Question about details of data preprocessing.
Hi! Thanks for releasing the code!
I have trained the model with the features you provided and achieves similar performance. And now I‘m trying to train a model using data precessed myself. I download ImageNet-VID datasets and extract optical flow using OpenCV TVL1 algorithm implemented by MMAction . The Optical Flow is calculated on the original size of video frames without resize. Then, I crop the region proposal according to the tubes you provided and resize them to 224*224. Finally, follow this, I rescale the value of RGB and Flow images between -1 and 1 (by x/127.5-1) and feed them to the official i3d model.
However, the features I get are somewhat different from that I download. The cosine similarity of i3d-RGB feature is about 0.95 and i3d-Flow feature is about 0.8. The similarity is not too low, but there are still some gaps, especially the flow feature. Is there anything wrong with the process I mentioned above?
Here are some question.
- After resizing the flow image to 224*224, does its value need to be scaled?

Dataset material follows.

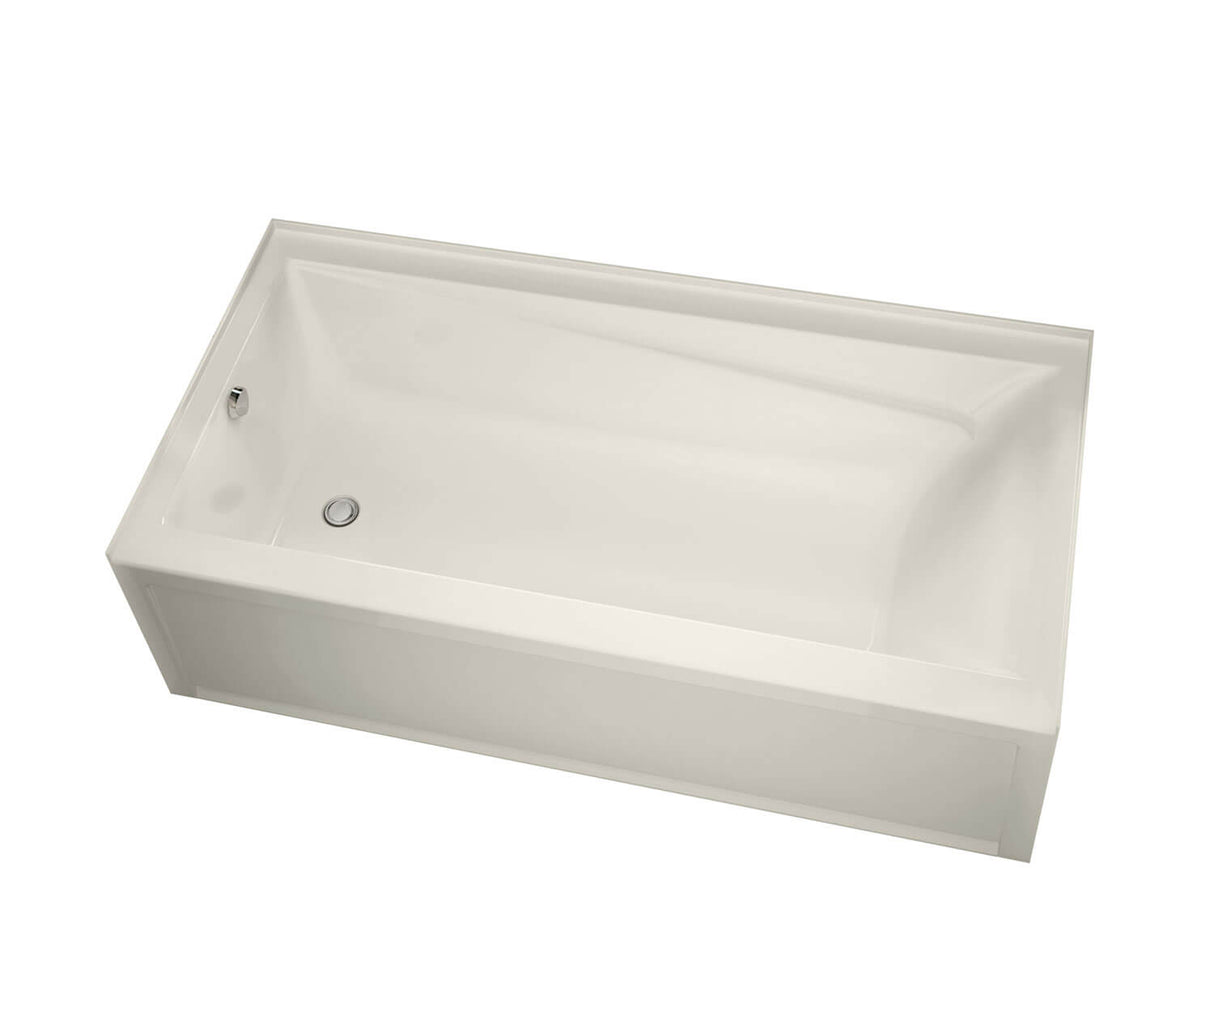 MAAX 106172-000-007-101 Exhibit 6036 IFS Acrylic Alcove Right-Hand Drain Bathtub in Biscuit

- How to crop and normalize the images? I use PIL to read images and bilinear interpolation to resize images.
Thanks a lot!
BTW I find that there are some I3D features and tubes that don't correspond. For example, 1144.pk in vid_rgb and 1144.pd in tube_Prp have 63 frames, but 1144.h5 in vid_i3d has 126 frames.
- Thank you for your interest and questions!
- Currently, I have no time to check the frames. One possible reason may be the frame decoder of the videos have a different fps rate. Part of the frames/ features are extracted by my colleagues during my internship at Tencent. I need to re-check the code for feature extraction and then give you a more detailed response. I am currently busy with my new research projects. I will come back to this issue when I have more spare time.